Yea but I'm talking about after the confidence vote too. Between Harper's Conservatives, the Liberals, the Bloc and the NDP there aren't enough votes to create a clear majority as the result of an election.
posted by Pseudology at 4:29 PM on January 16, 2010


Meanwhile, we continue to receive a stream of emailed drivel from various sources in Ontario, directed at muslims. I don't understand this, because I always thought Canadians weren't so prone to jump on this kind of bandwagon. Admittedly, my not understanding this is probably why Canadian institutions were able to strip Mr. Charkaoui of his rights so easily.

I worry that Mr. Charkaoui's case is just the tip of the iceberg.
posted by sneebler at 4:28 PM on January 16 [+] [!]

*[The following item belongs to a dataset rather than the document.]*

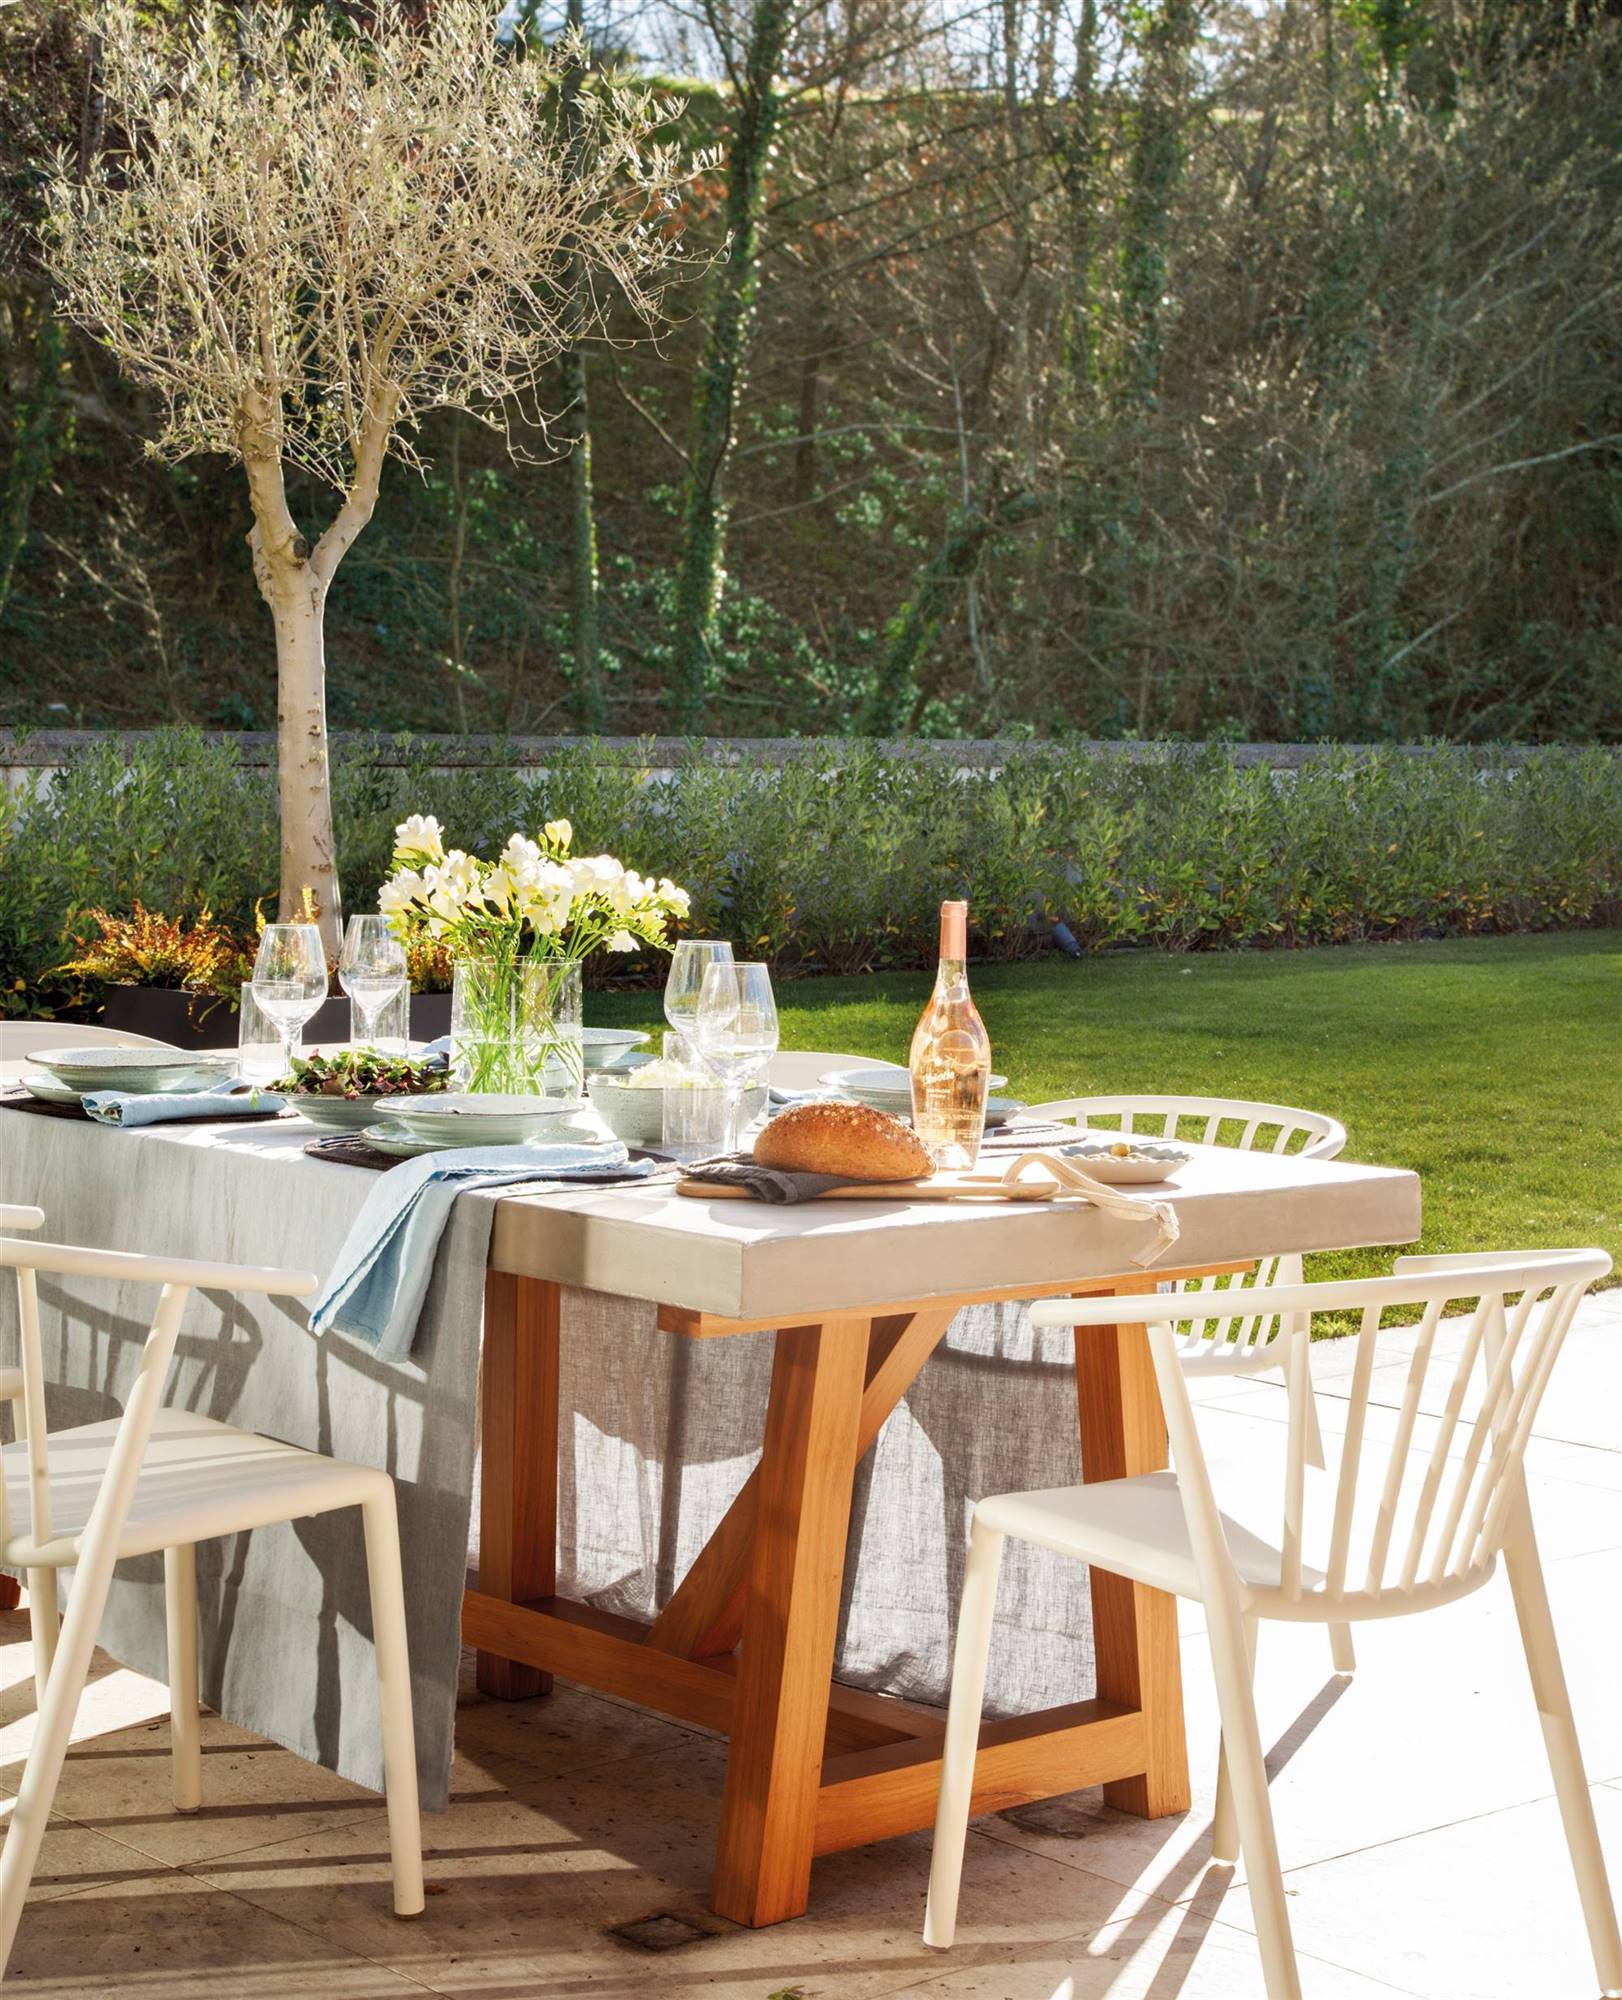 Mesas de jardín: comedor, centro o auxiliares para decorar tu con estilo (con shopping)

Why I'm not proud to be Canadian. I'm just happy we have health care... for now.
posted by Pseudology at 4:36 PM on January 16, 2010


Are you trying to get parliament prorogued again before they even come back?
posted by If only I had a penguin... at 5:04 PM on January 16, 2010


Oh, I get it. You're trying to destroy the only reasons why people in the States would want to immigrate to frozen-nuts-tundra-land. Interesting...
posted by Civil_Disobedient at 5:32 PM on January 16, 2010 [1 favorite]


I was recently invited to witness my godson's kick-boxing Black Belt examination. There were a dozen candidates, and the routine we witnessed was perhaps the most spectacular thing I have ever seen. The dedication and training exhibited by these candidates was truly spine-tingling. I'm talking 300 finger-and-toe push-ups 5 hours into an exhausting physical test that started with a run up a mountain and back, and finished with the breaking of flaming concrete blocks.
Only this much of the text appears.